Stored data
..........

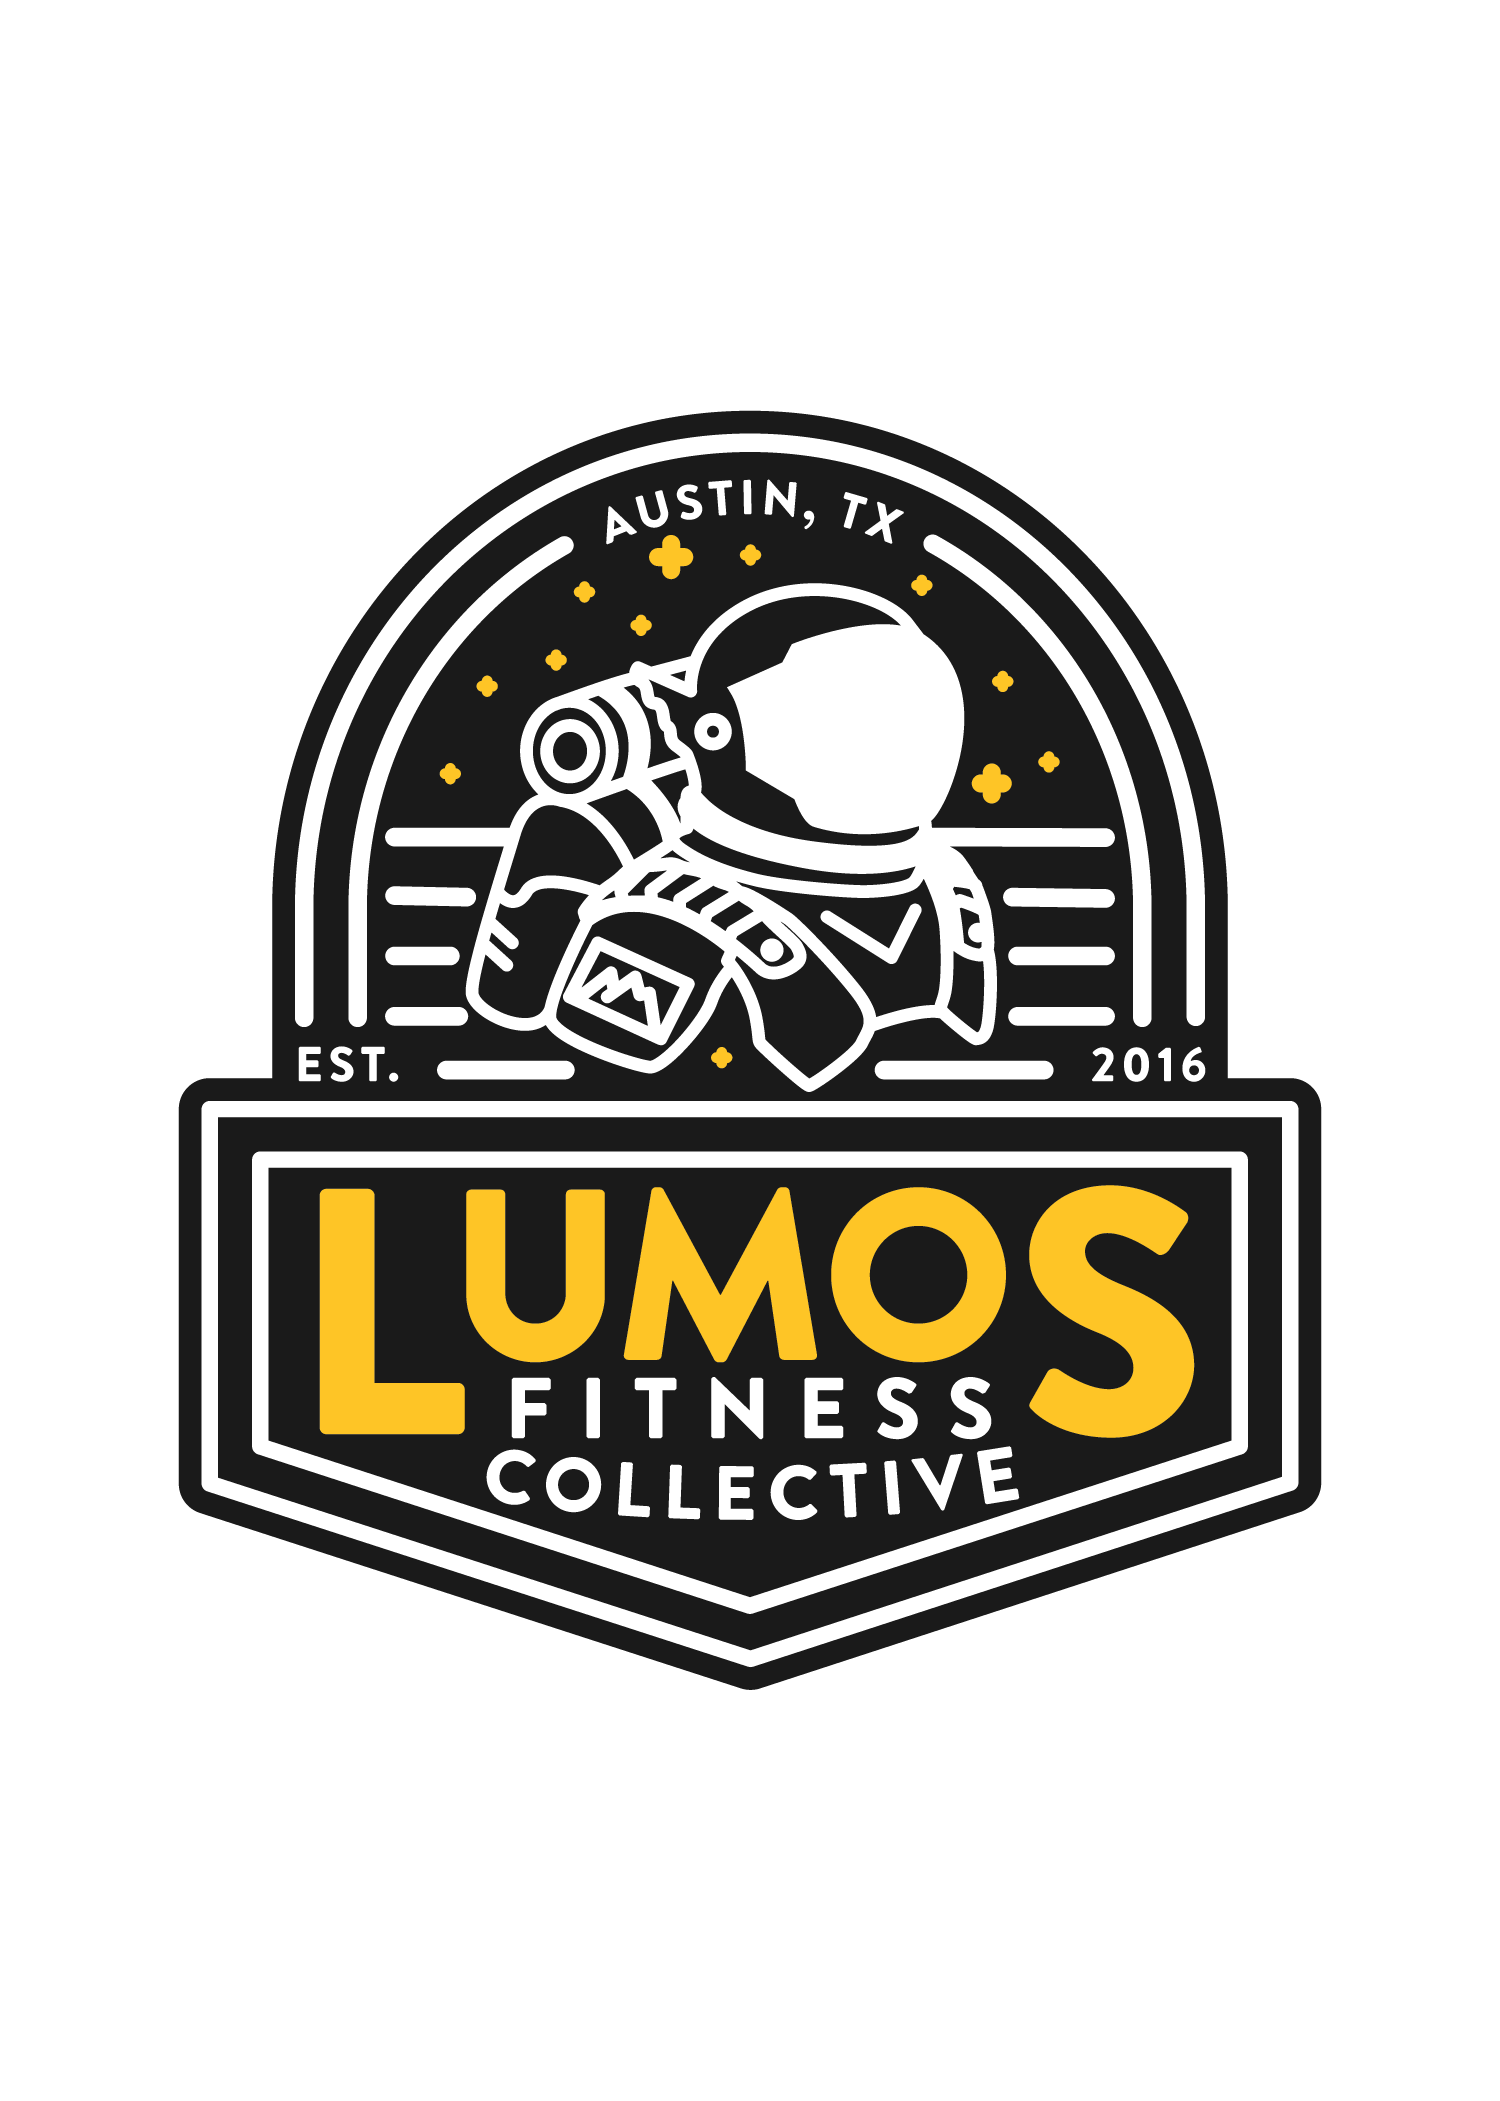 Lumos Fitness Collective logo
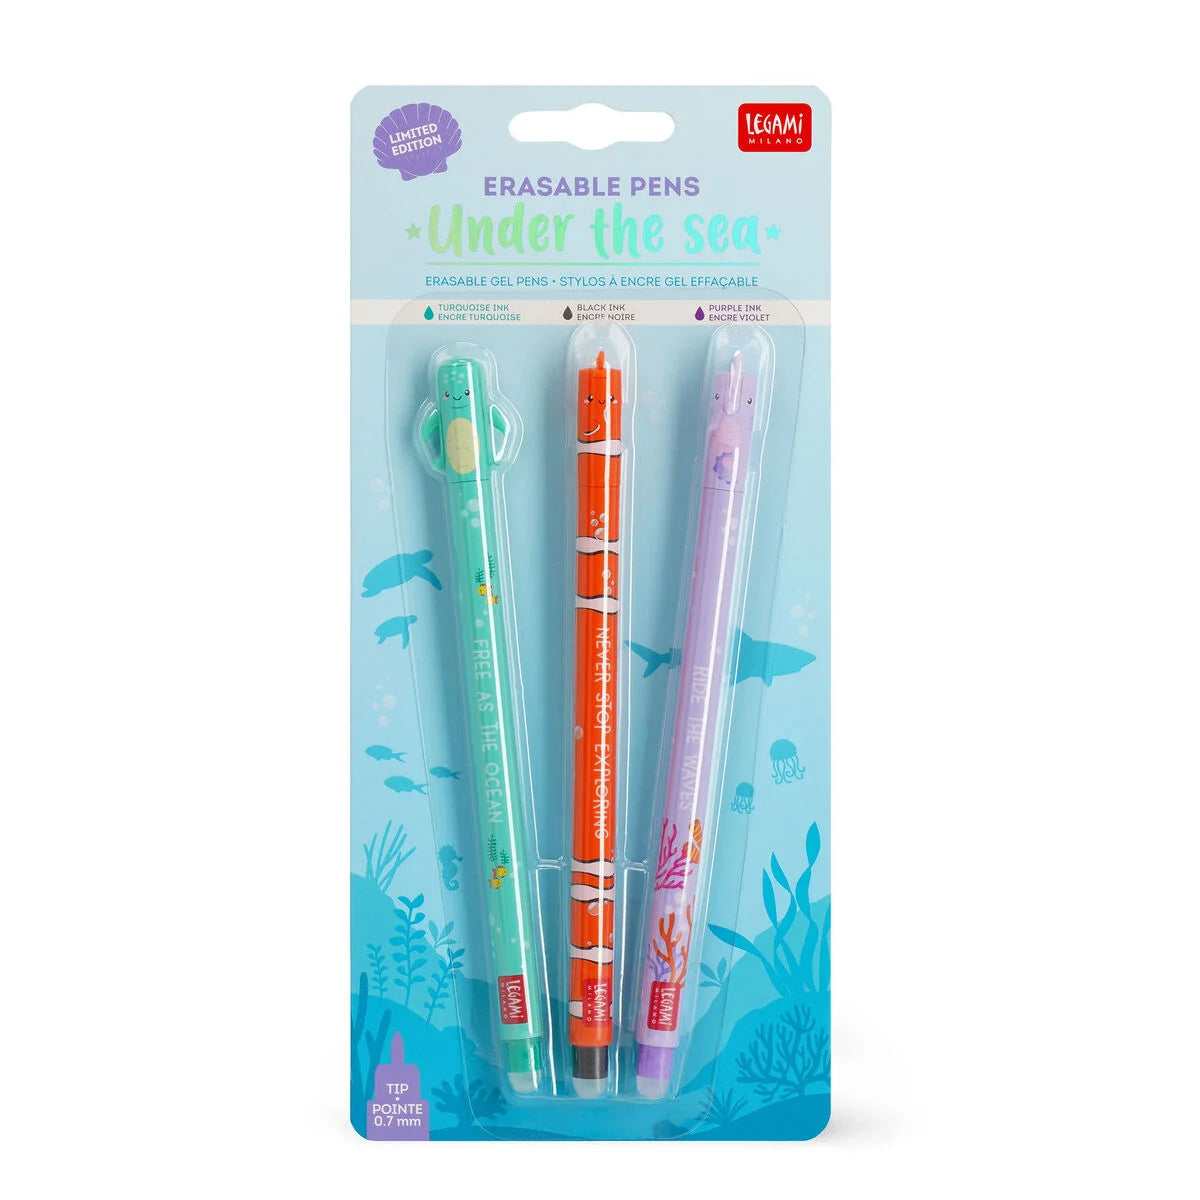 PRE-SALE Set of 3 Erasable Gel Pens - Under the Sea - Legami
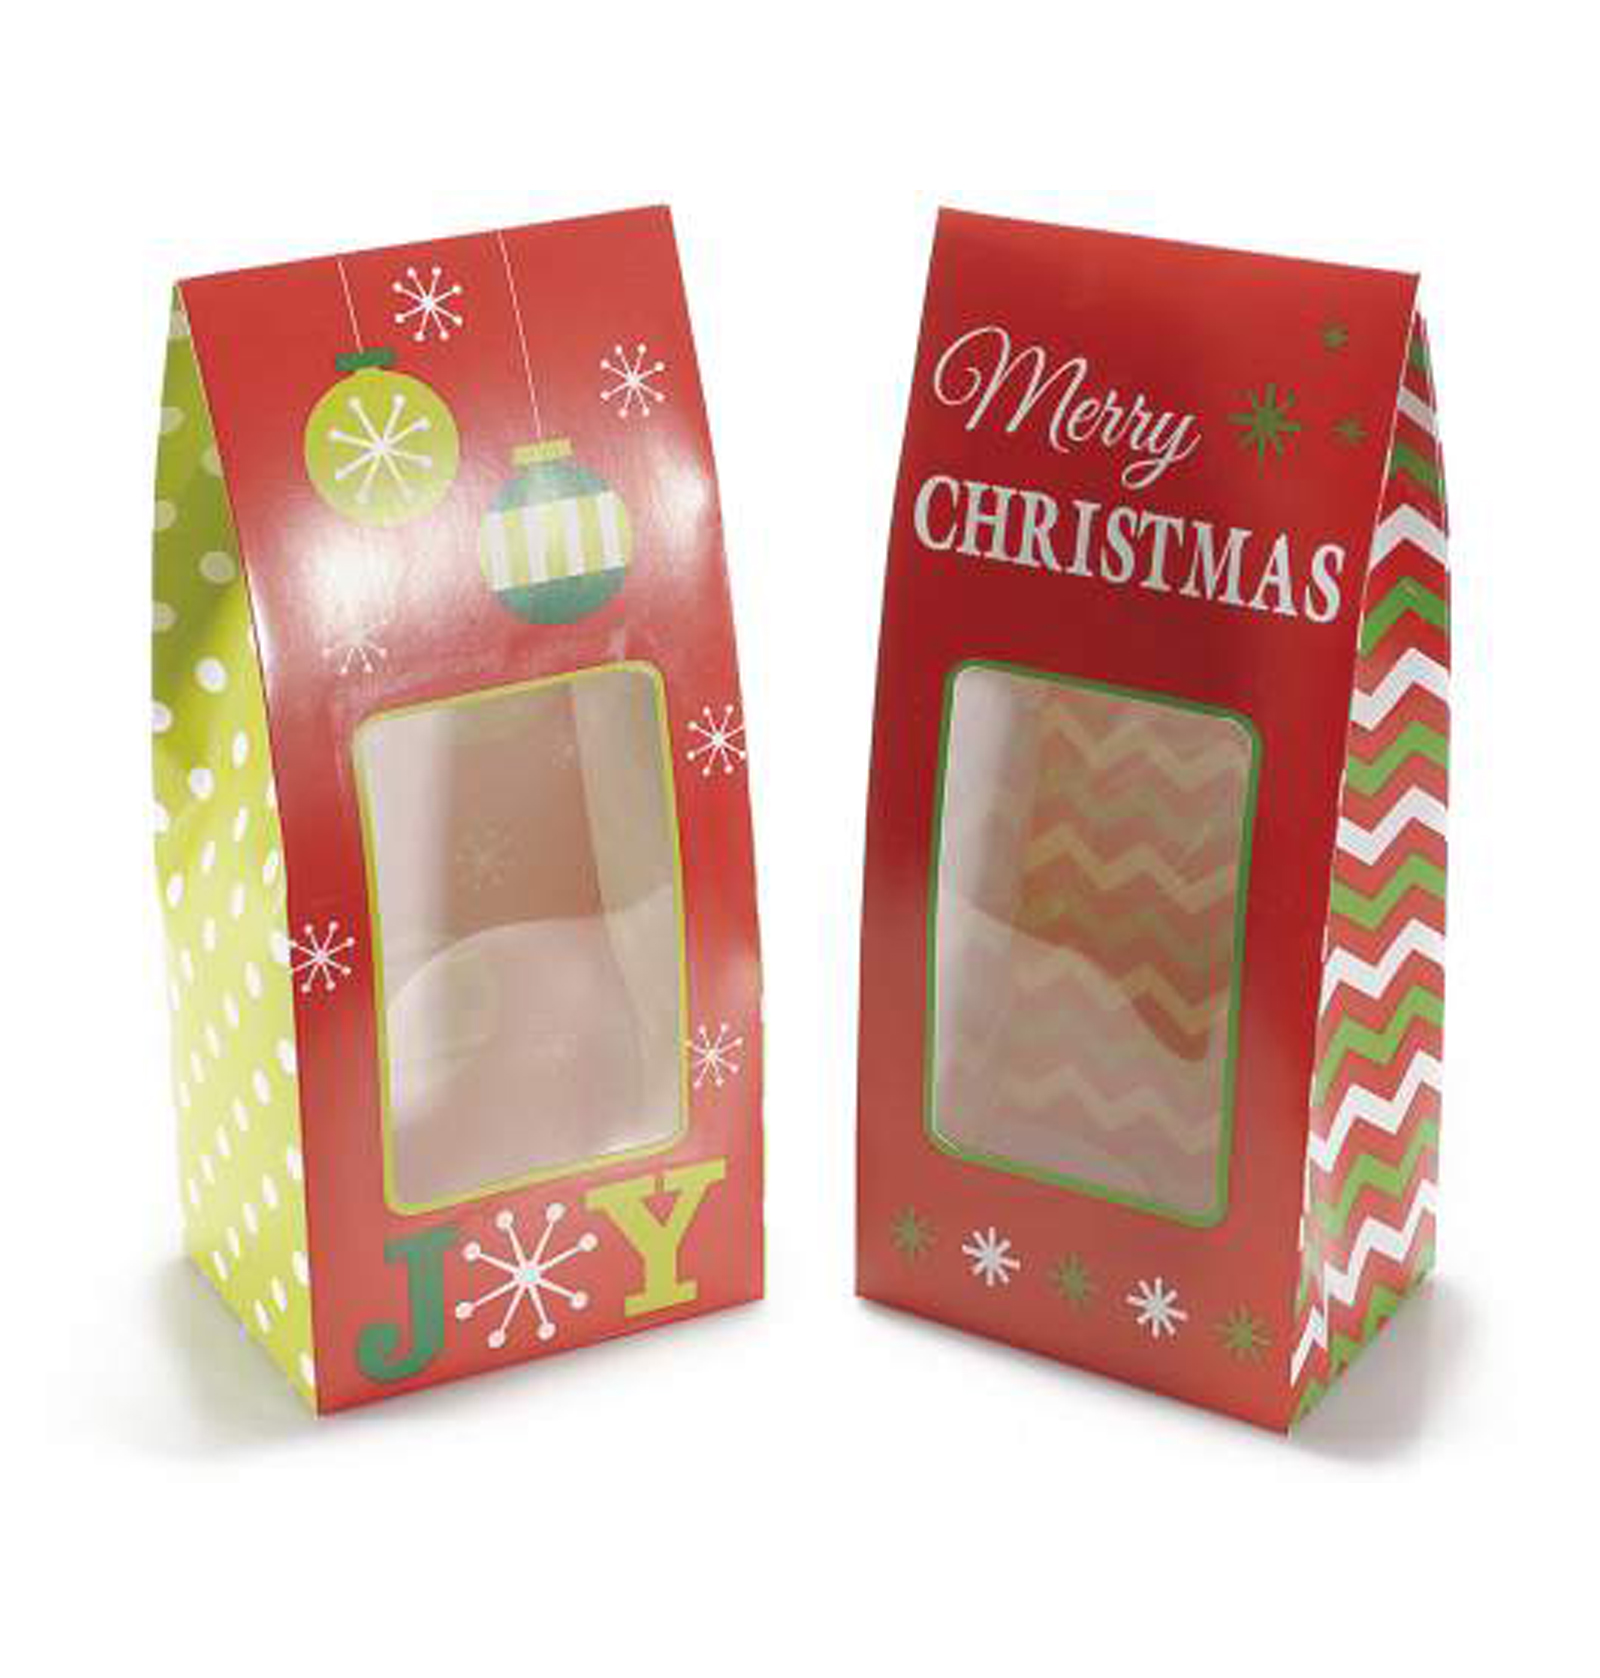 30Pz. Scatole regalo natalizia in carta colorata Merry Christmas con vetrinetta  Misure: cm 10,5 x 7,5 x 22,5 H
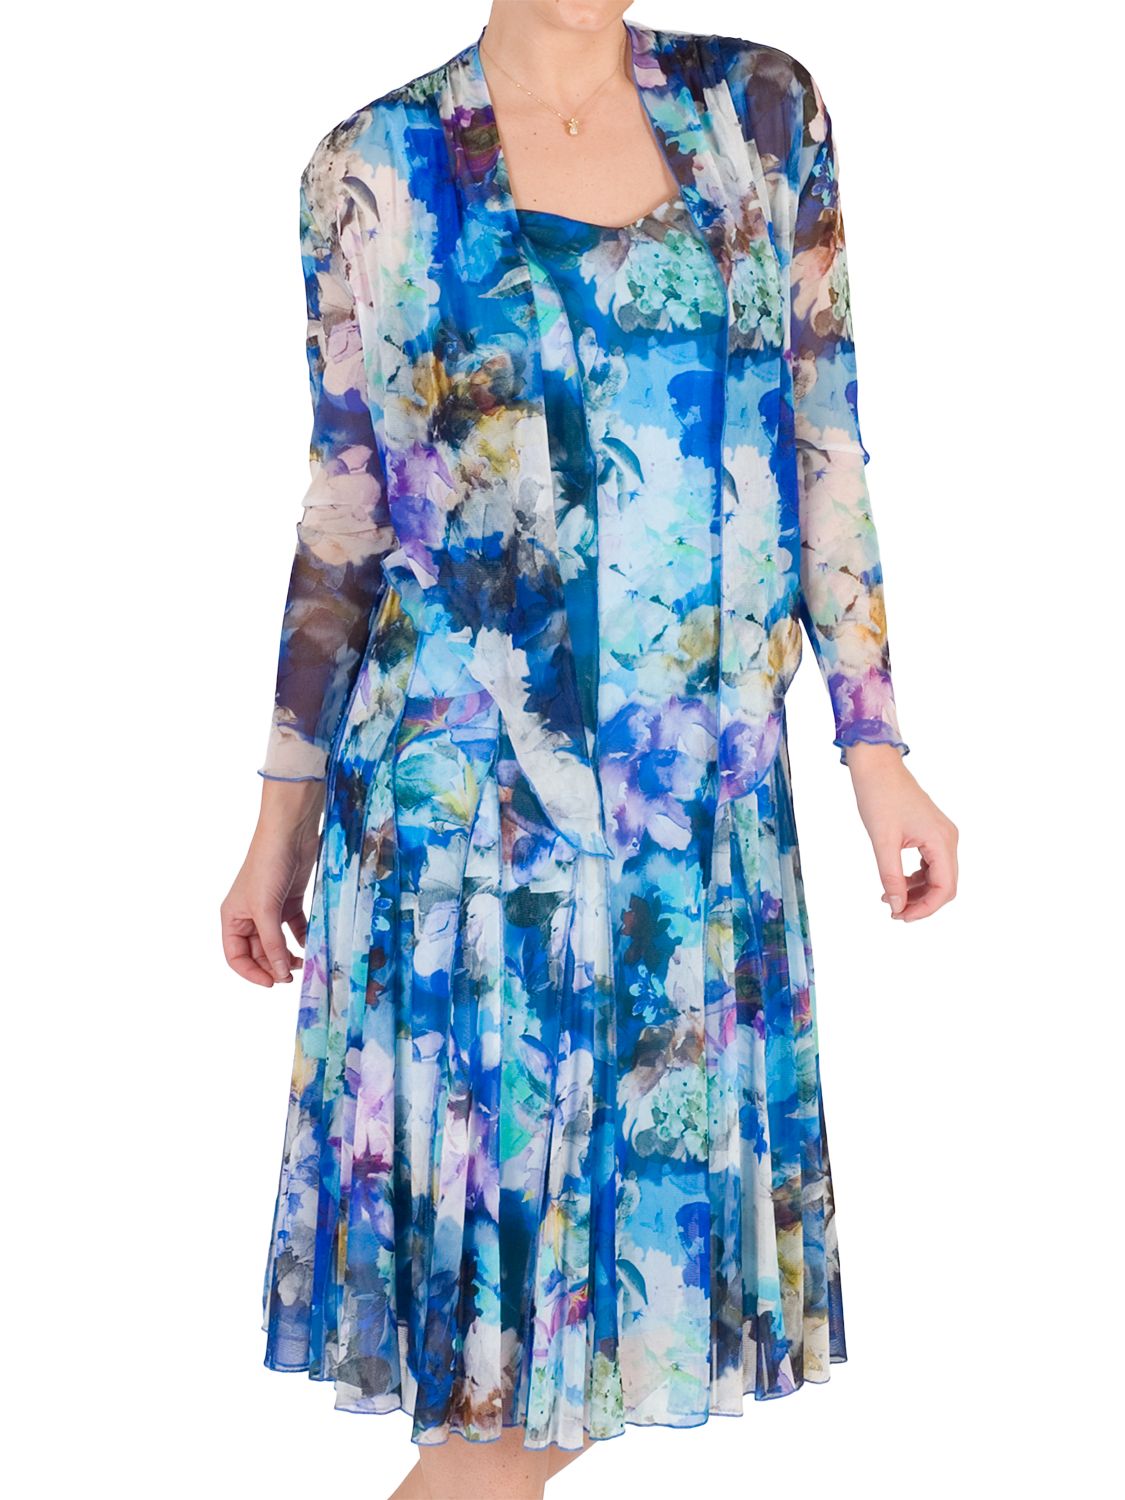 Chesca Floral Print Mesh Dress and Bolero, Blue/Multi

..........

Action item
The aim is an exact repeat of the entire listing, stripped of pictures.

Response
 Lumos Fitness Collective logo
 PRE-SALE Set of 3 Erasable Gel Pens - Under the Sea - Legami
 30Pz. Scatole regalo natalizia in carta colorata Merry Christmas con vetrinetta  Misure: cm 10,5 x 7,5 x 22,5 H
 Chesca Floral Print Mesh Dress and Bolero, Blue/Multi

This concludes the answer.